Now that we see what is in the cellip.ora, the grid disk path, in the examples above, should make more sense.

Disk group attributes

The following attributes and their values are recommended in Exadata environments:
  • COMPATIBLE.ASM - Should be set to the ASM software version in use.
  • COMPATIBLE.RDBMS - Should be set to the database software version in use.
  • CELL.SMART_SCAN_CAPABLE - Has be set to TRUE. This attribute/value is actually mandatory in Exadata.
  • AU_SIZE - Should be set to 4M. This is the default value in recent ASM versions for Exadata environments.
Initialization parameters

The following recommendations are for ASM version 11.2.0.3.


Parameter  Value 
CLUSTER_INTERCONNECTS Bondib0 IP address for X2-2. Colon delimited Bondib* IP addresses for X2-8.
ASM_POWER_LIMIT 1 for a quarter rack, 2 for all other racks.
SGA_TARGET 1250 MB
PGA_AGGREGATE_TARGET 400 MB
MEMORY_TARGET 0
MEMORY_MAX_TARGET 0
PROCESSES For less than 10 instances per node: 50*(#db instances per node + 1). For 10 0r more more instances per node: [50*MIN(#db instances per node + 1, 11)] + [10*MAX(#db instance per node - 10, 0)]
USE_LARGE_PAGES ONLY

Voting disks and disk group redundancy

Default location for voting disks in Exadata is ASM disk group DBFS_DG. That disk group can be either normal or high redundancy, except in a quarter rack where it has to be a normal redundancy.
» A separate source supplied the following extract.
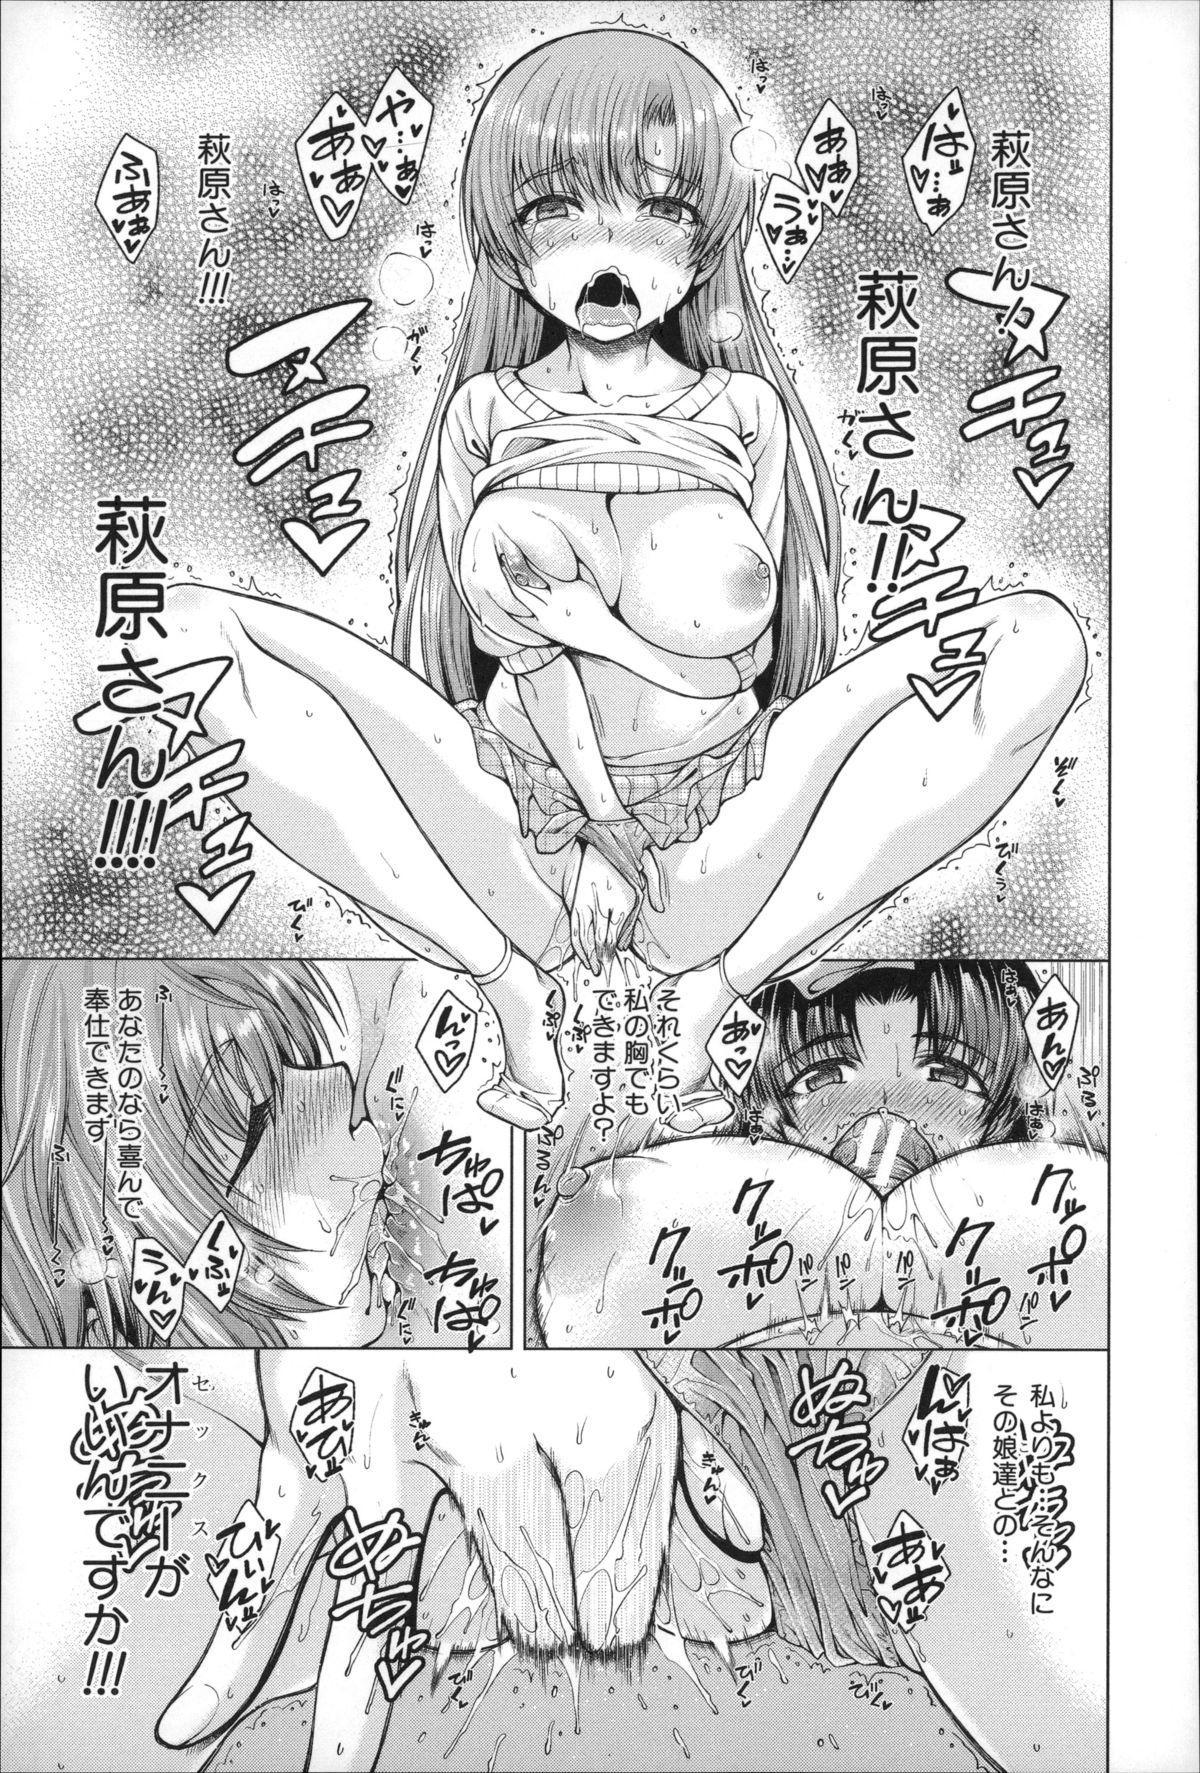 Migite ga Bishoujo ni Natta kara Sex Shita kedo Doutei dayone!! 103

This is because of the voting disks requirement for the minimal number of failgroups in a given ASM disk group. If we put voting disks in a normal redundancy disk group, that disk group has to have at least 3 failgroups. If we put voting disks in a high redundancy disk group, that disk group has to have at least 5 failgroups.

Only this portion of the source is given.